Abstract
Background and Aims : We examined whether the lung injury produced in rats by intravenous injection of TNF-α could be inhibited by the intravenous administration of human urinary trypsin inhibitor (UTI), since the results of previous investigations showed the ability of UTI to bind bacterial toxins and superantigen, to markedly inhibit serum TNF-α production, and reduce myeloperoxidase content of rat lungs.
Methods : The rats were infused with PBS, TNF-α (100 or 250 ng/rat) or UTI-TNF-α, through the rat tail vein under Nembutal anaesthesia. All lungs were then excised in individual experimental groups 5 h after the infusion, and examined histologically, histochemically and biochemically.

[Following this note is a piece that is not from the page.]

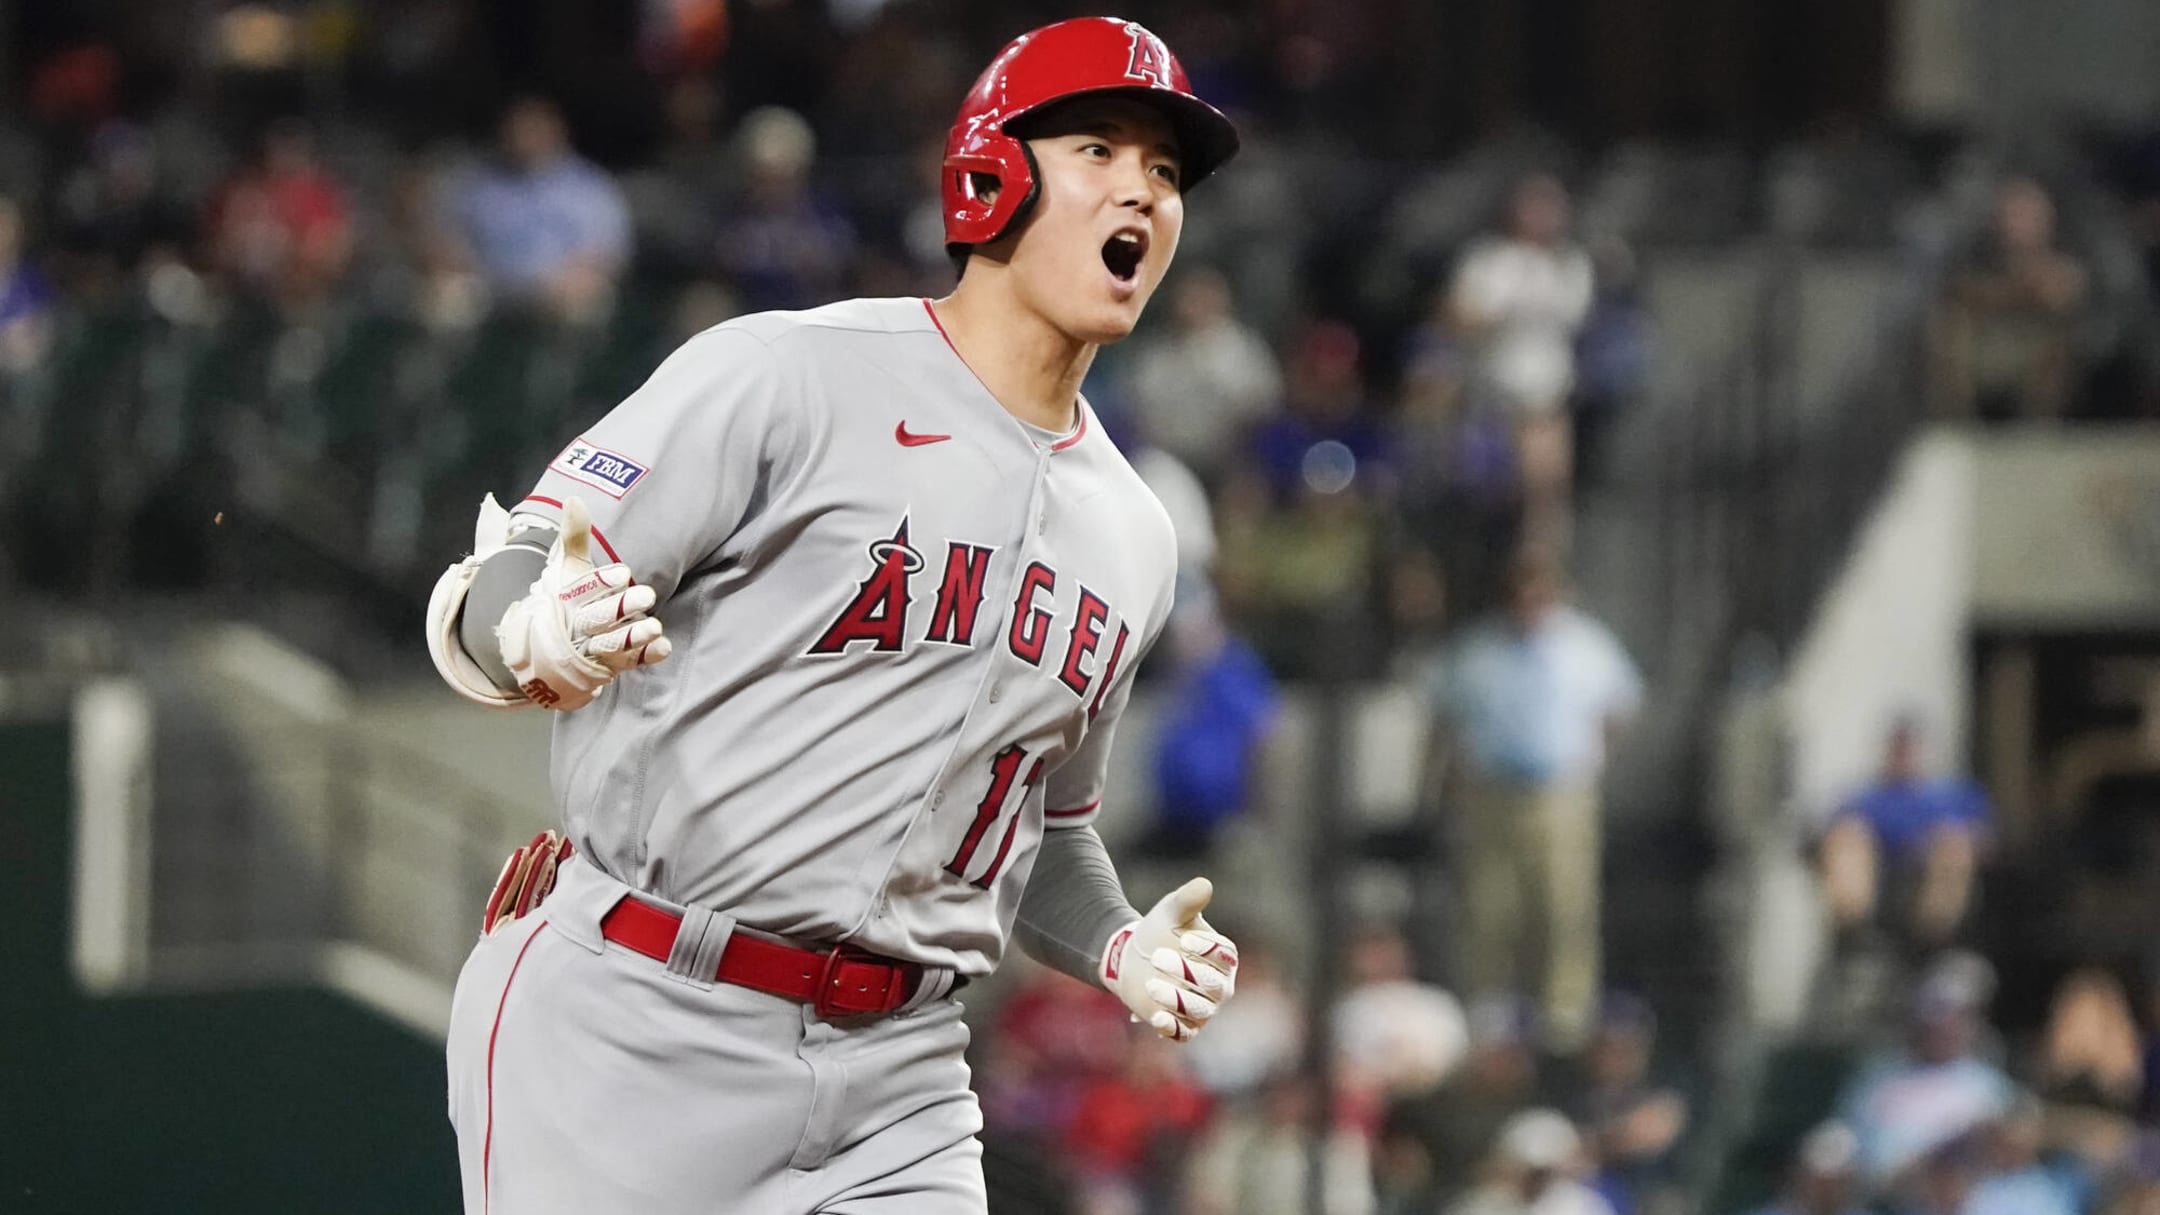 Shohei Ohtani dazzles on Broadway with two more home runs

Results : Intravenous injection of TNF-α caused punctate areas of haemorrhage on the lung surface. Histological, histochemical and ultrastructural examinations revealed lung injuries of different extents, vasculitis with concentration of inflammatory cells, and infiltration of numbers of eosinophils around the arteries and veins of the pulmonary lobules and bronchioles. These morphological presentations were similar to those induced by intraperitoneal injection of the superantigen, staphylococcal enterotoxin B. However, the administration of UTI markedly attenuated the lung injuries and vasculitis induced by intravenous injection of TNF-α, involving a marked reduction in the number of inflammatory cells, infiltration of eosinophils, the extent of injury and myeloperoxidase content of rat lungs.
Conclusions : Taken together, UTI may have defensive effects on inflammation and/or infection by suppressing the early responses of stimulated cells.